Figure 3-1 shows the design AFE, which is capable of supporting both AC and DC applications for use in a high-performance digital oscilloscope, direct RF input, multichannel radar, and 5G wireless tester. The front-end design consists of a combination of LMH5401 and LMH6401 devices in cascade mode. In the TIDA-01022 reference design, the LMH5401 device is SE-DE configured to accept 50-Ω input signals. The LMH5401 output drives the LMH6401 (DVGA) for the precise gain adjustment which, in turn, drives a fifth-order 2.2-GHz low-pass filter. An ADC (ADC12DJ3200) digitizes the filtered signal output.

GUID-7E0E9EB9-41A9-4639-BEB3-2883D19FE92E-low.gifFigure 3-1 TIDA-01022 AFE

In the first stage of this cascade configuration, the LMH5401 device presents a gain of 4 V/V (12 dB). However, the highest signal bandwidth is 6 GHz in an SE-DE configuration. The 3-dB bandwidth of the LMH6401 is 4.5 GHz, which limits the overall signal bandwidth and allows it to function as a low-pass filter to filter out the harmonics of LMH5401. The LMH6401 gain ranges from –6 dB to 26 dB in 1-dB steps and achieves a 32-dB dynamic range.

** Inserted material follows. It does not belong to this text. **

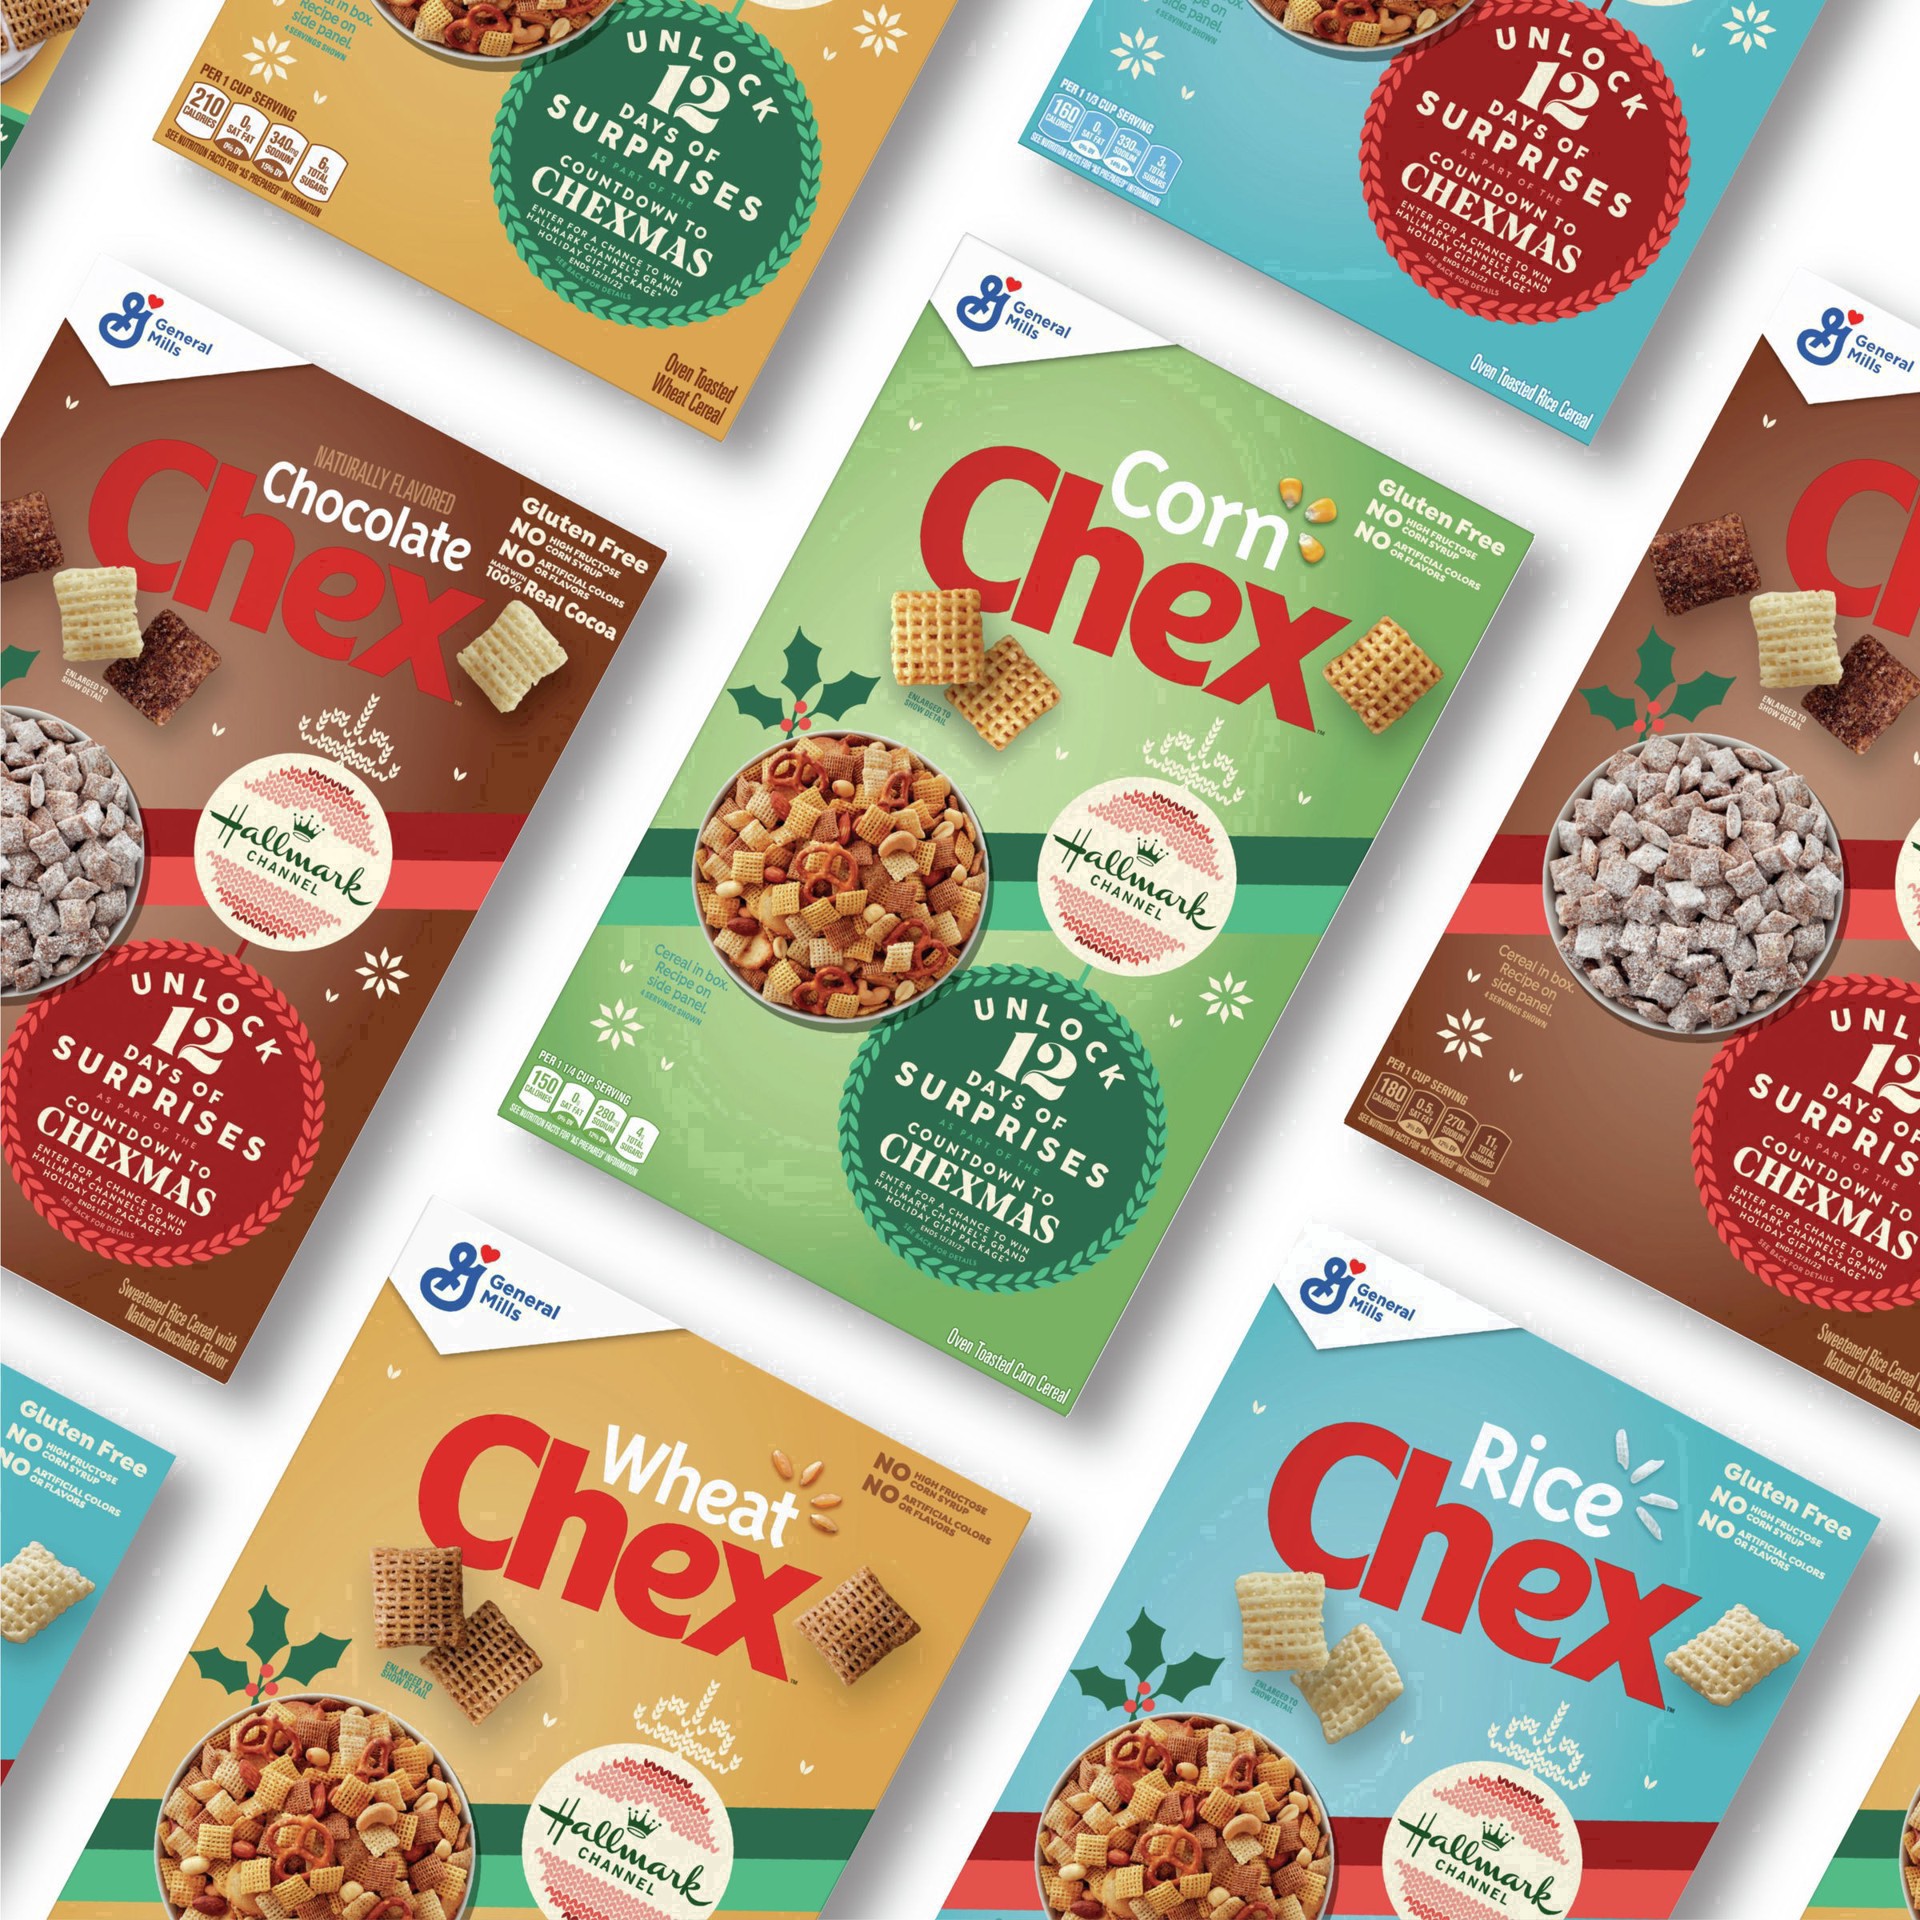 slide 4 of 122, Chex Chocolate Chex Cereal, Gluten Free Breakfast Cereal, Made with Whole Grain, 12.8 oz, 14.25 oz

The LMH6401 device exhibits constant input impedance across the gain setting, which makes it suitable for driving a wideband data converter.

A ±2.5-V dual power supply provides power to both of the LMH5401 and LMH6401 devices. The ADC12DJ3200 requires a zero common-mode input voltage, which the simple resistor divider circuit generates. See the detailed design procedure and calculation for cascaded LMH5401+LMH6401 amplifiers in Cascaded LMH5401 and LMH6401 Reference Design.